- The HHS announced its first settlement related to a healthcare ransomware attack on Monday with Massachusetts-based medical management company Doctors’ Management Services.
- Under the settlement, Doctors’ Management will pay $100,000 dollars and undergo a corrective action plan to resolve claims it violated HIPAA breach rules and failed to identify vulnerabilities in its systems before experiencing a breach in 2017 that impacted the private health information of 206,695 individuals.
- The HHS Office for Civil Rights called ransomware and hacking the “primary cyber-threats in health care” and warned that companies must take steps to identify and address cybersecurity vulnerabilities as attacks in the industry escalate.
Healthcare data breaches are on the rise as companies increasingly rely on electronic health records to store private health information and cyber criminals seize opportunities to exploit vulnerabilities.
Large breaches reported to the OCR have increased by 239% over the past four years, alongside a 278% increase in ransomware incidents, according to a press release. The scale of attacks is also increasing. Large attacks have impacted the records of 88 million individuals so far this year, up 60% from last year, according to the agency.

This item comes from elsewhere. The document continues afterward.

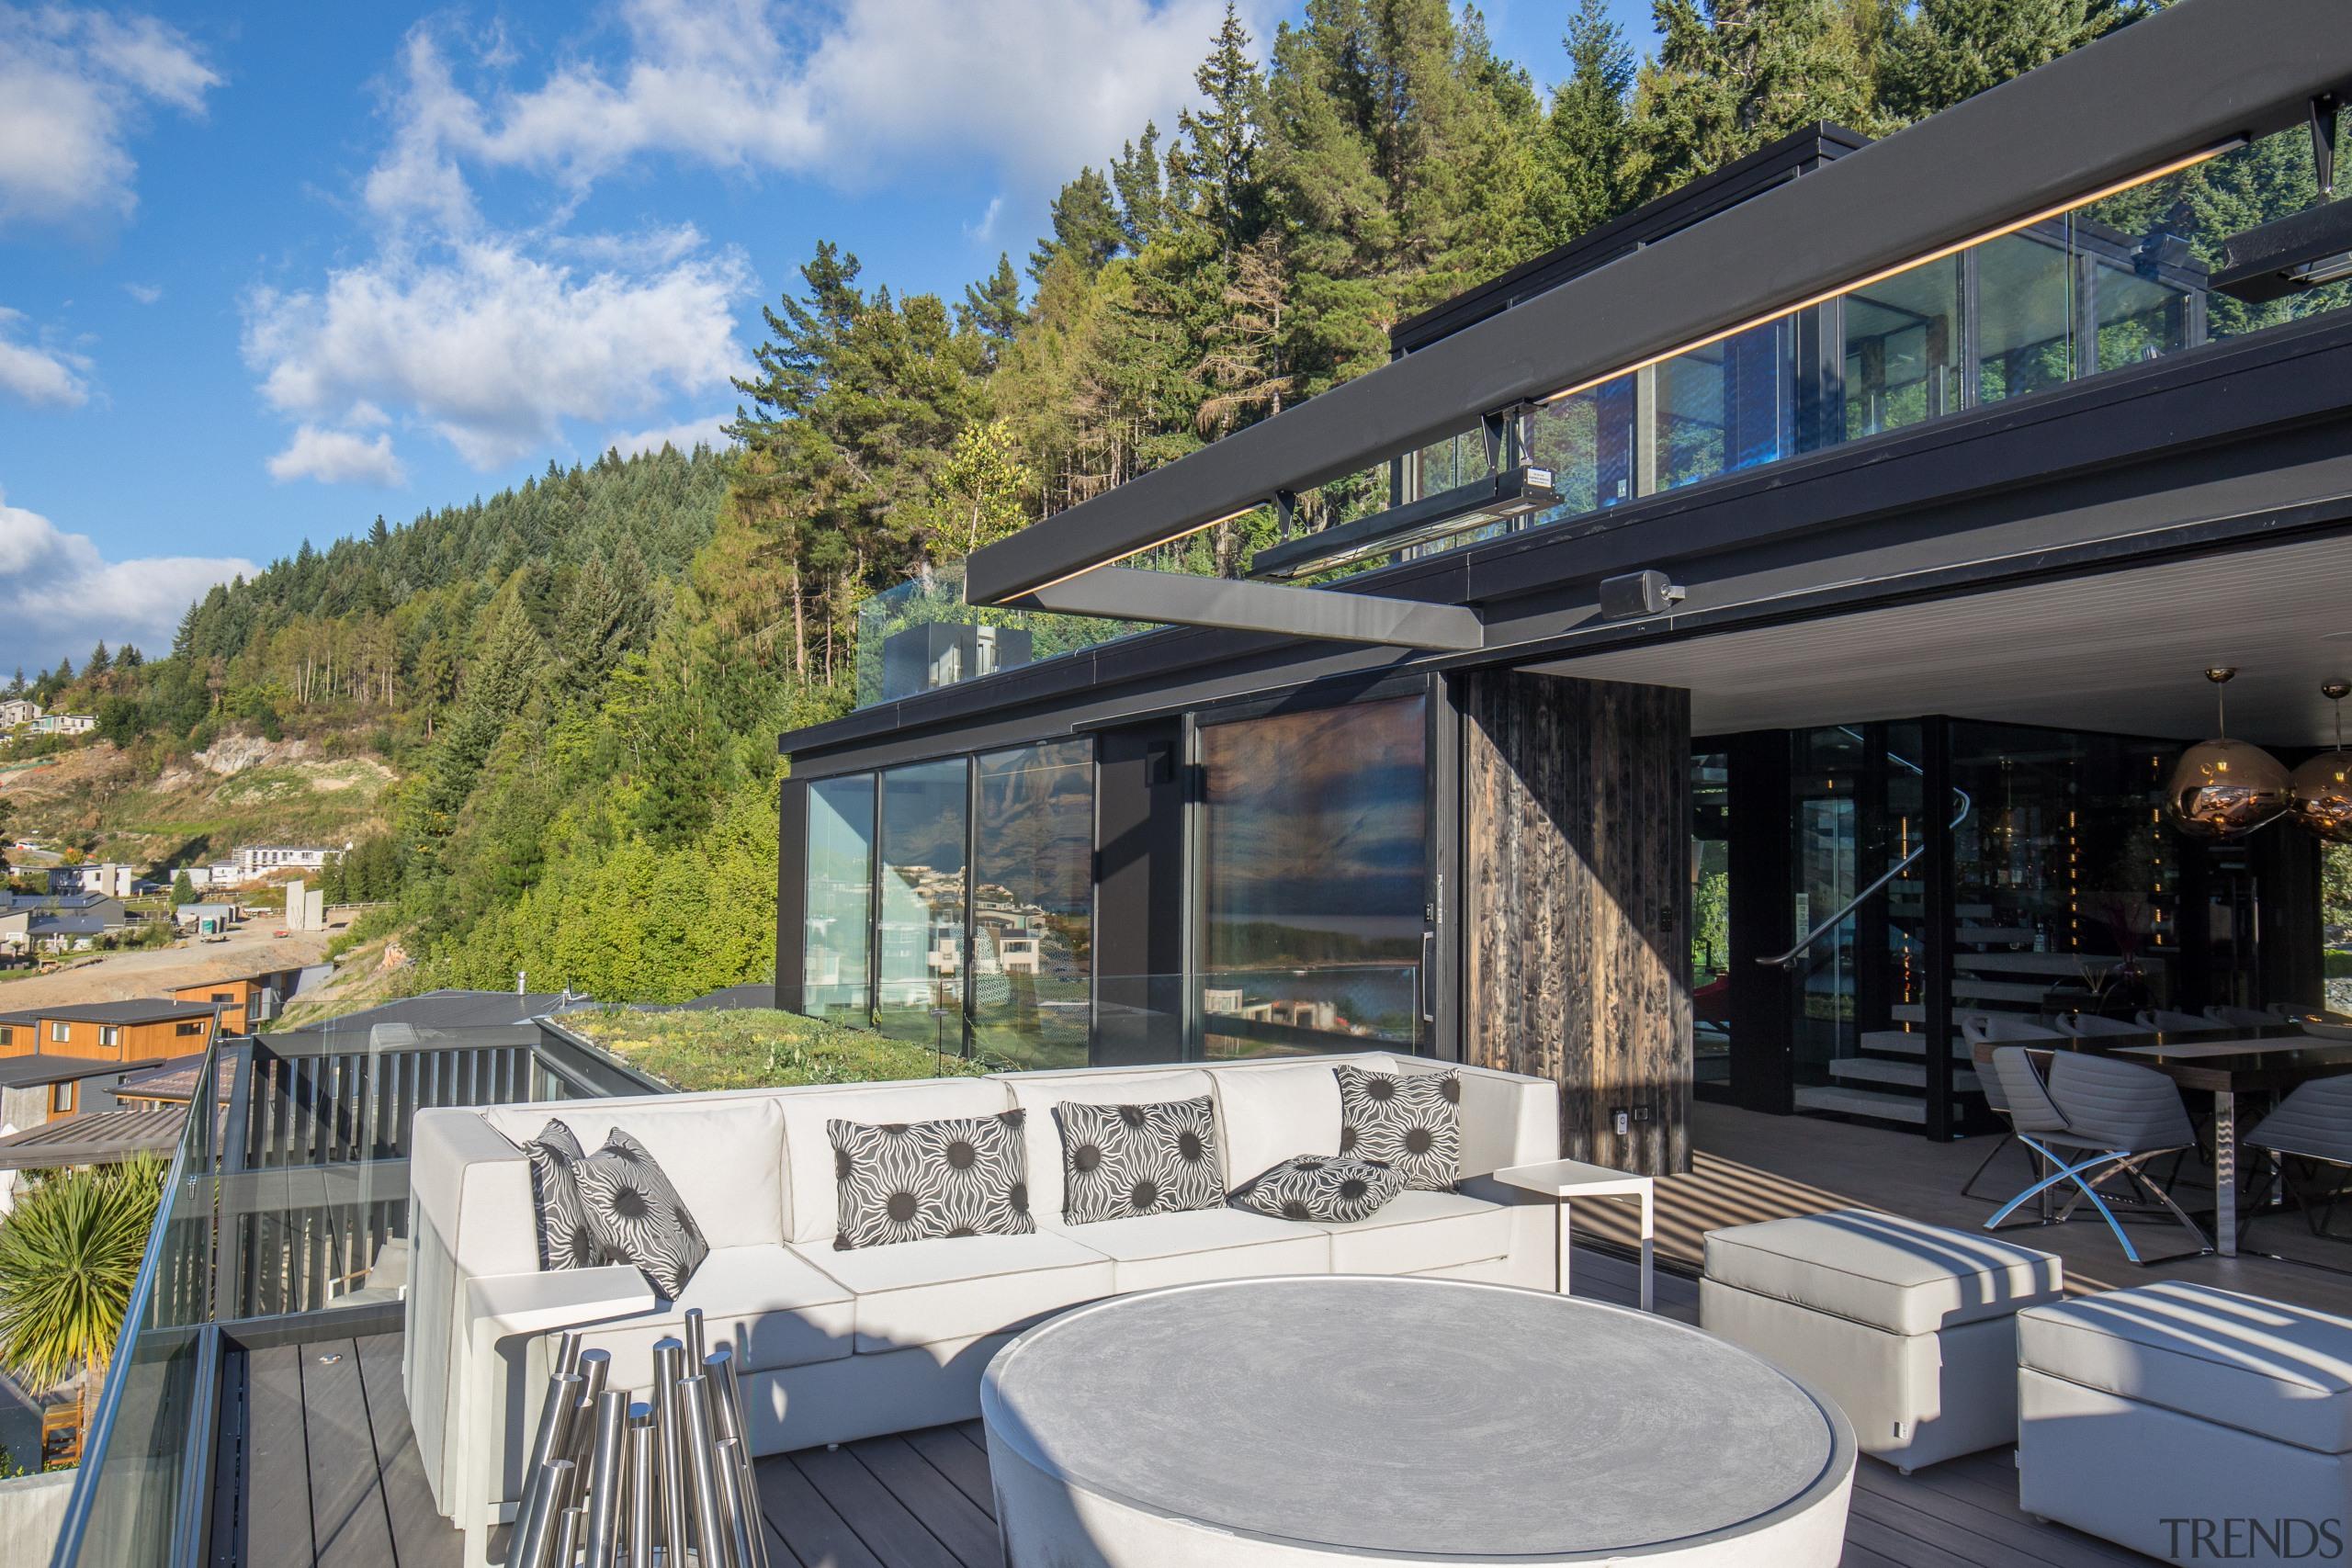 露台延伸至户外,是一片完美的户外休闲区。 architecture, estate, home, house, outdoor structure, property, real estate, roof, gray, black
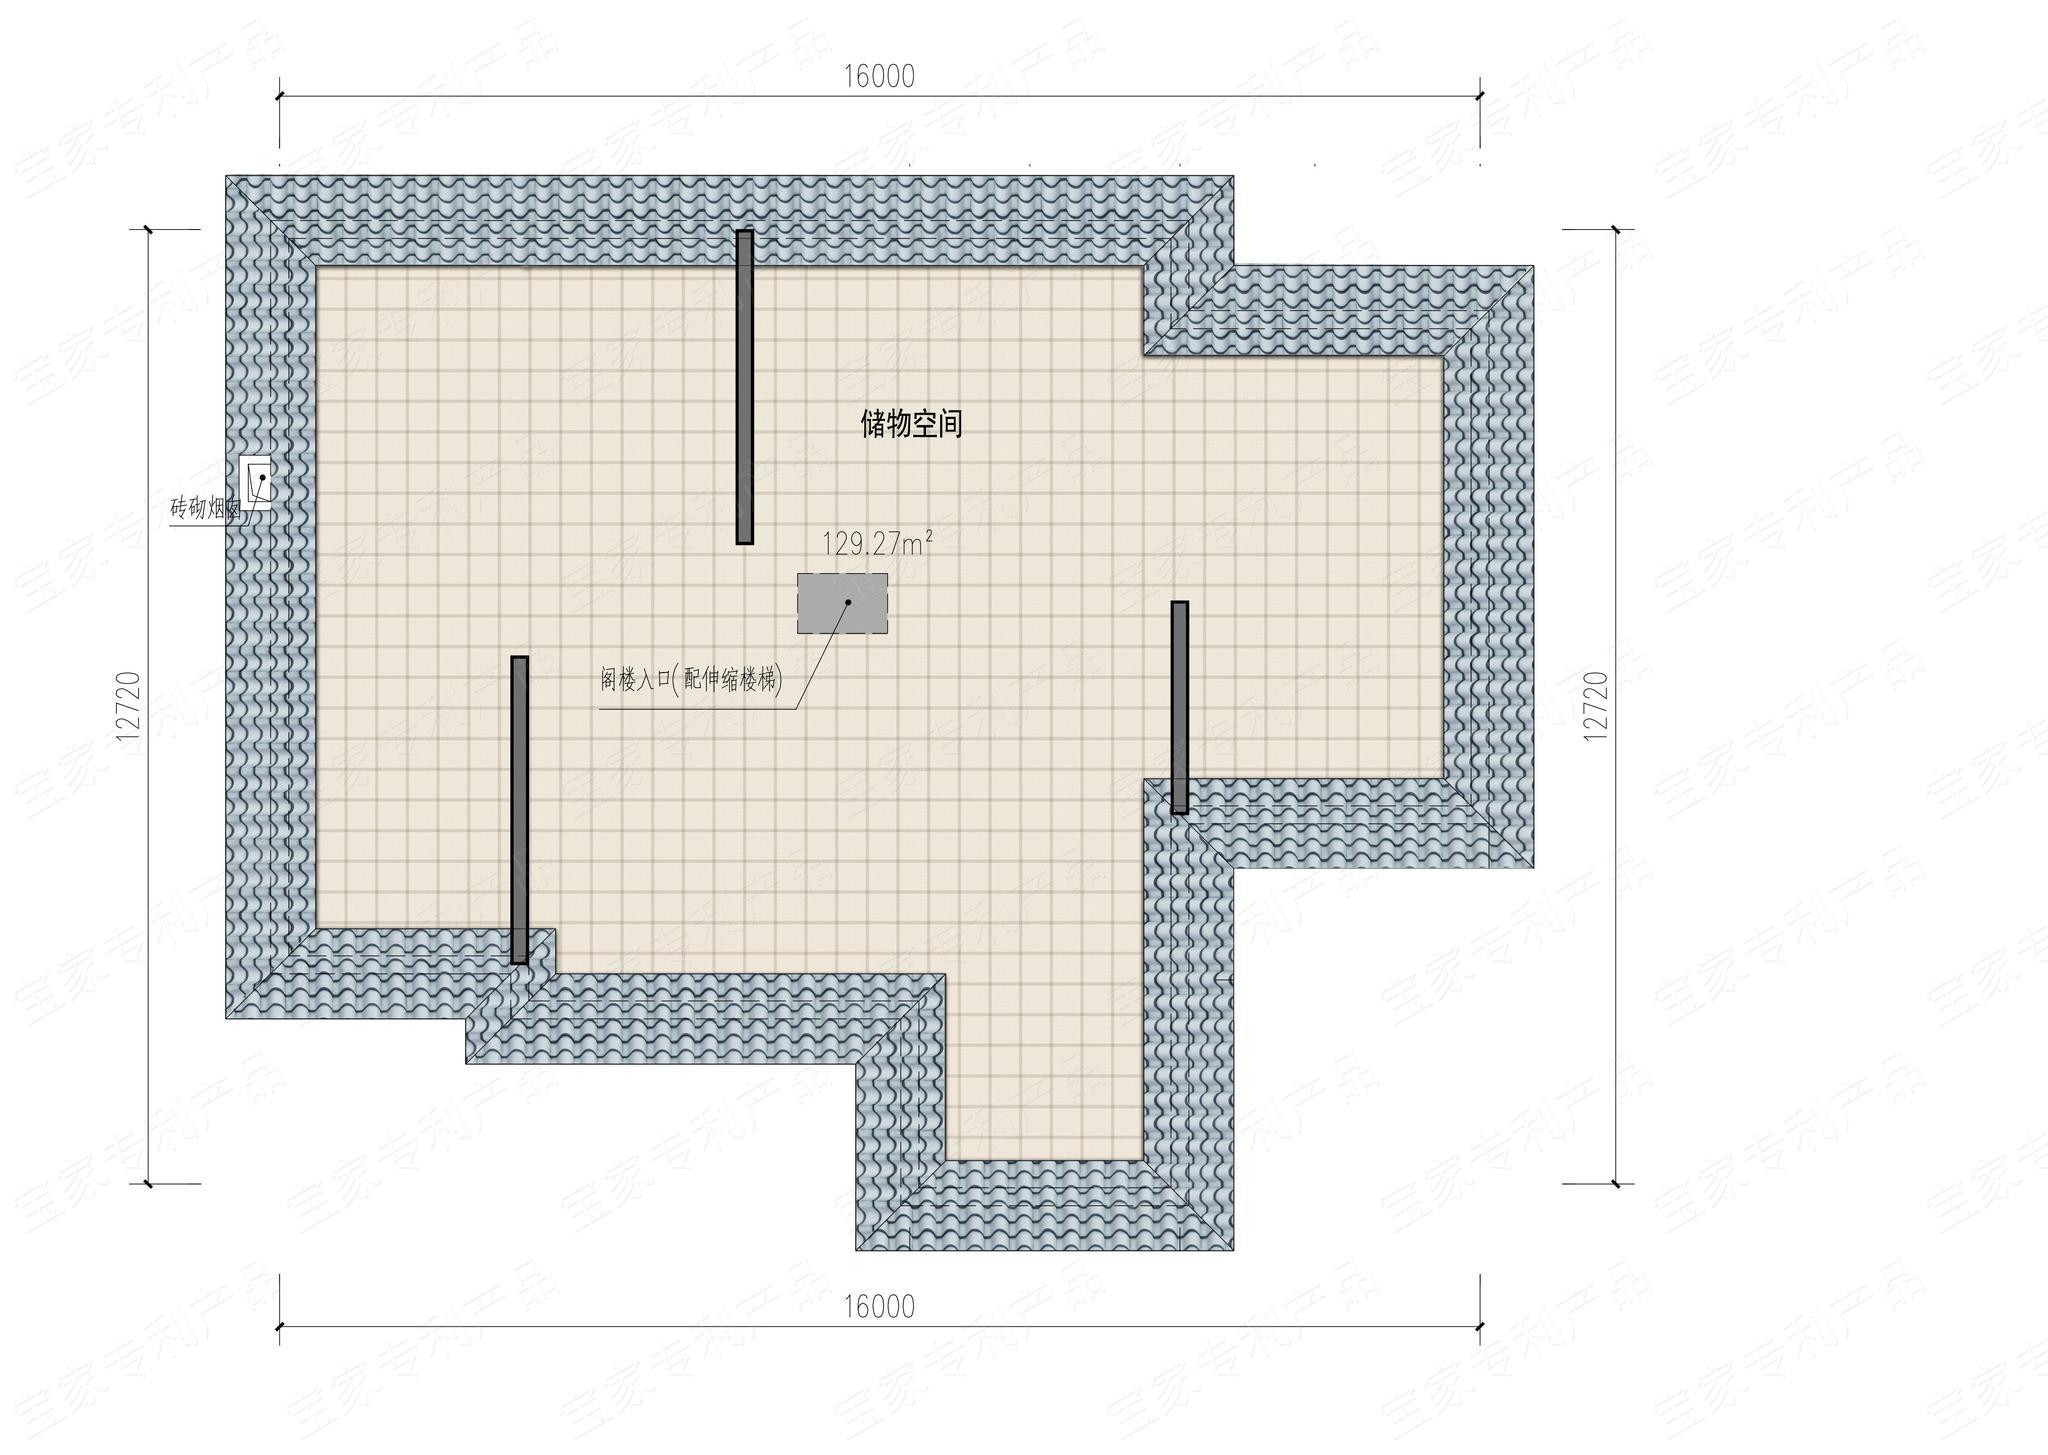 户型二,欧式经典乡村别墅 别墅基本信息: 开间:16米 进深:12.

The Doctors’ Management breach first occurred in April 2017 and was identified in December 2018. The company reported the breach to OCR in April 2019, after determining their network had been infected with GandCrab ransomware.
In the settlement, the HHS alleged that Doctors’ Management failed to assess risks, monitor and protect health data from potential cyberattacks. To ensure compliance, the OCR placed the company on a corrective plan and will monitor the firm for three years.
As part of the corrective action plan, Doctors’ Management will be required to review and update its risk analysis to identify the potential risks and vulnerabilities to its data, update its enterprise-wide risk management plan accordingly and review its policies and procedures regarding compliance with HIPAA breach notice guidance. The company will also provide workforce training on HIPAA policies and procedures.
Recently, cyberattacks have affected major hospitals like HCA Healthcare and CommonSpirit Health. An attack targeting Prospect Medical Holdings this year cut access to key computer systems for weeks, forcing some hospitals to temporarily suspend patient services.
Attacks often prove costly. Last year, hospital operators said their most costly incident averaged $4.9 million in disruptions to system operations.